I know you have seen a common trick: fake calls and emails pretending to come from government agencies. No one wants to deal with the IRS or a problem with Social Security. Tap or click for a new government scam making the rounds.
Here are five more ways you're at risk - with easy solutions to be a little safer online:
1. You post for the whole world to see
I read a study from Pew Research that blew me away. Of those polled, 53% of Twitter users said that their profiles were set to public. Pew examined the profiles of everyone who submitted their account handle, and a whopping 89% were public.
Yikes. It looks like we could all use a reminder to check if our profiles are private.
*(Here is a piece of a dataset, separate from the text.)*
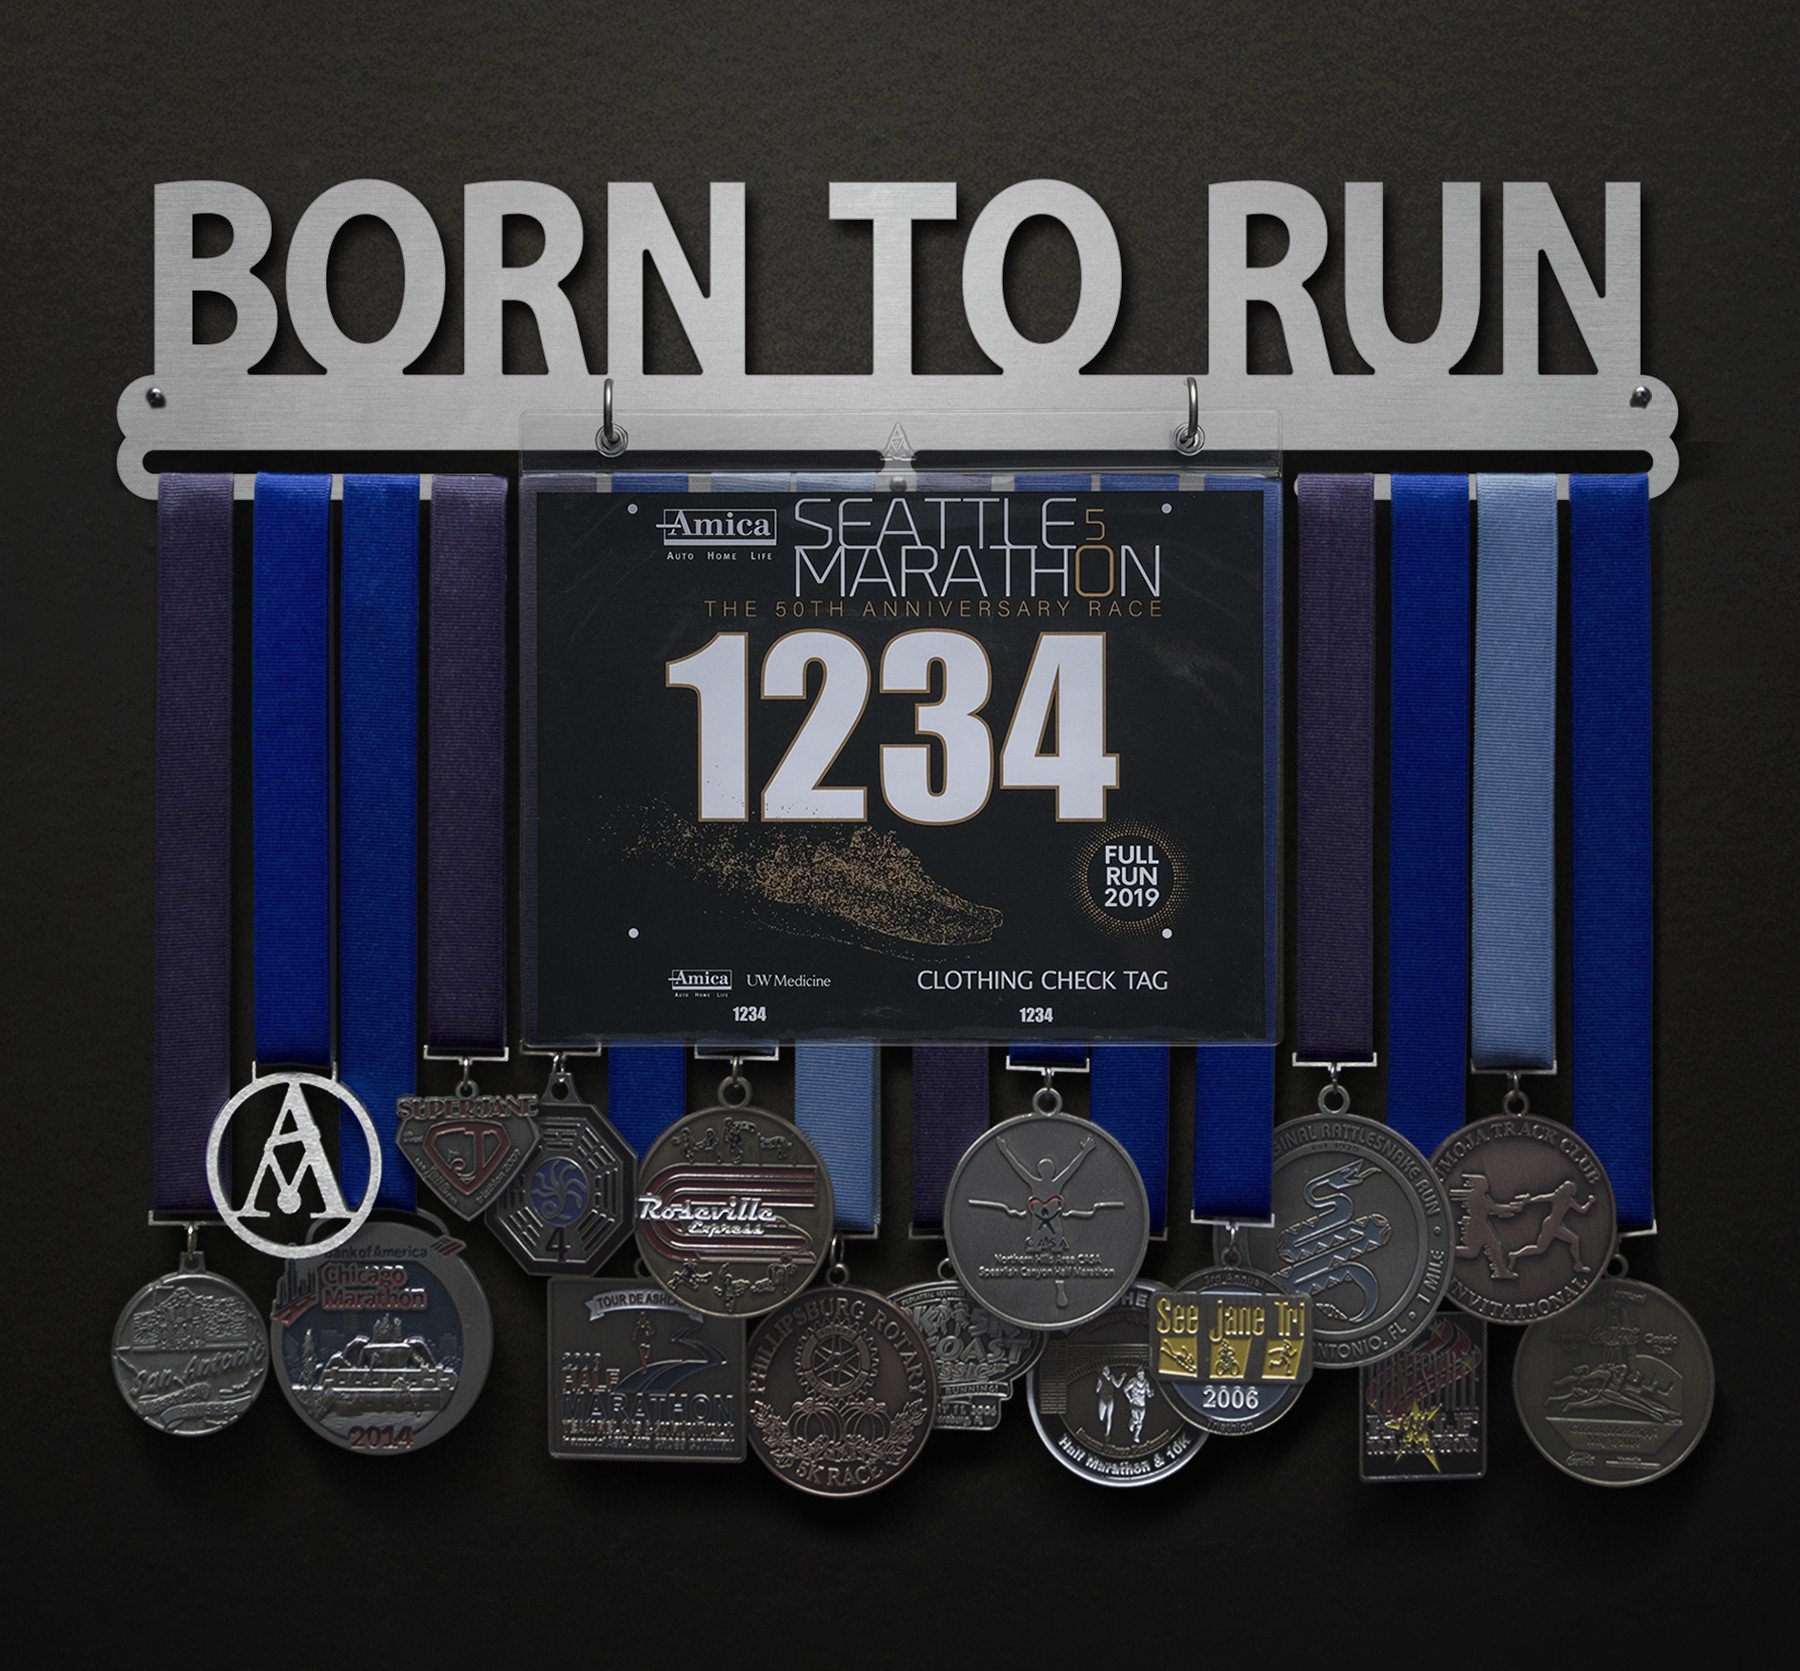 Born To Run Bib and Medal Display

An easy way to check what others see is to open up a new browser window in private or incognito mode. Navigate to your profile, such as https://twitter.com/kimkomando. If your tweets are visible, your profile is public.
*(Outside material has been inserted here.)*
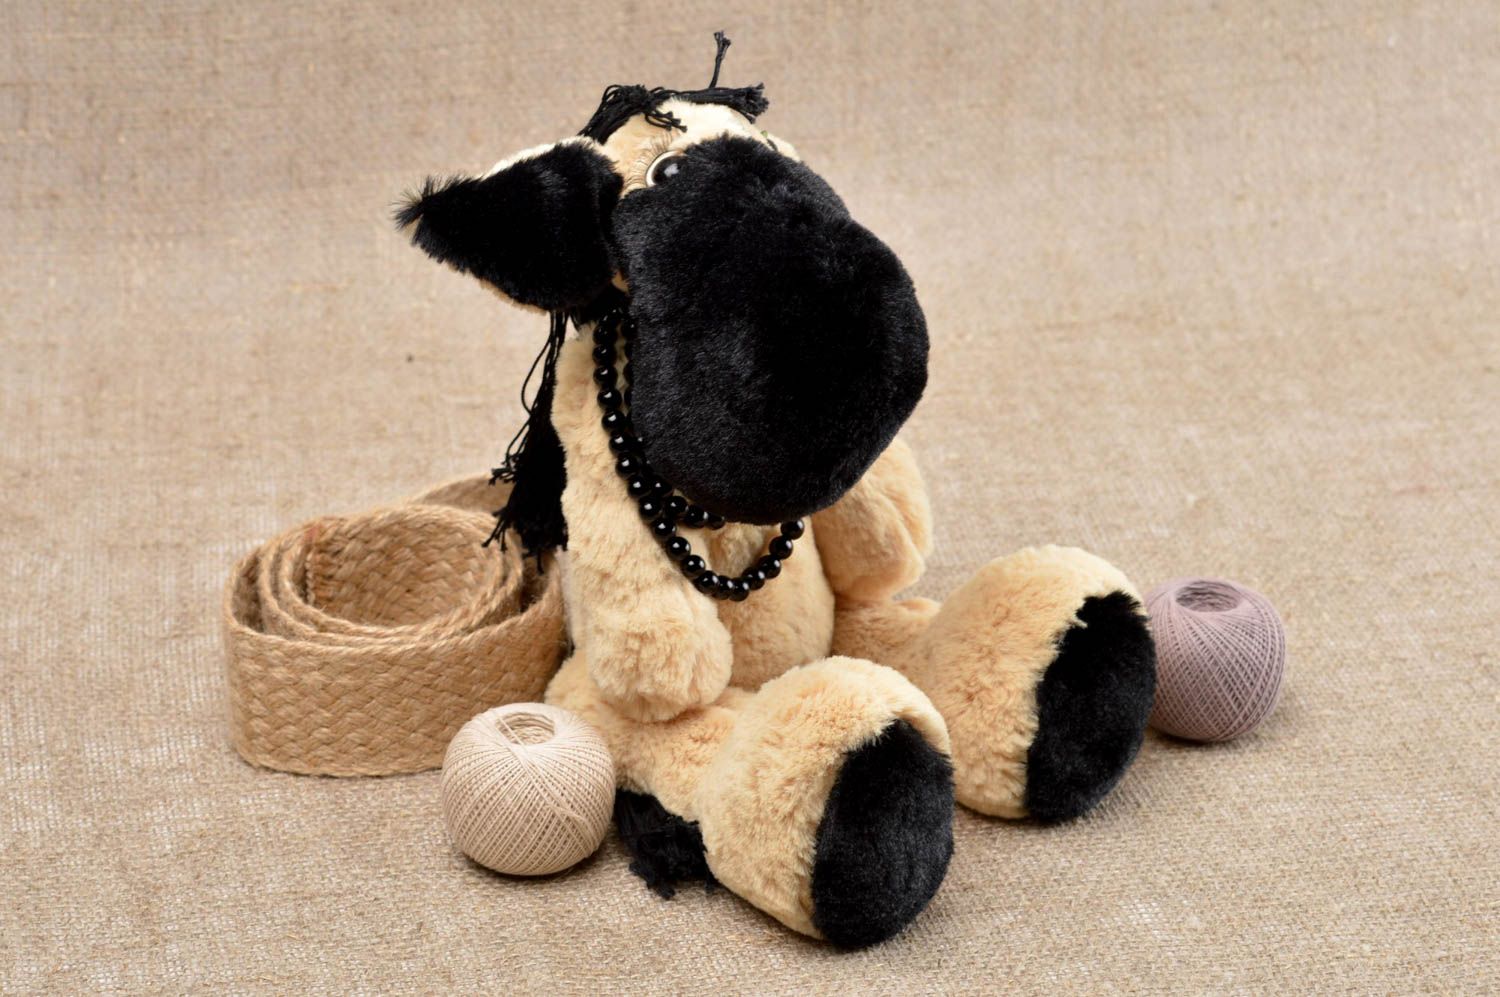 Handmade toy unusual soft toy for kids nursery decor gift ideas animal toy photo 1

To lock down your Twitter account from a computer:
• Log in. On the left-hand side, click More > Settings and privacy > Privacy and safety
• Go to Audience and tagging > Check the box next to Protect your Tweets
Now only those who follow you can see your posts. It's your job to clean up that list and block anyone you don't want following you.
What about on Facebook? Tap or click for an easy way to keep out creeps and snoops.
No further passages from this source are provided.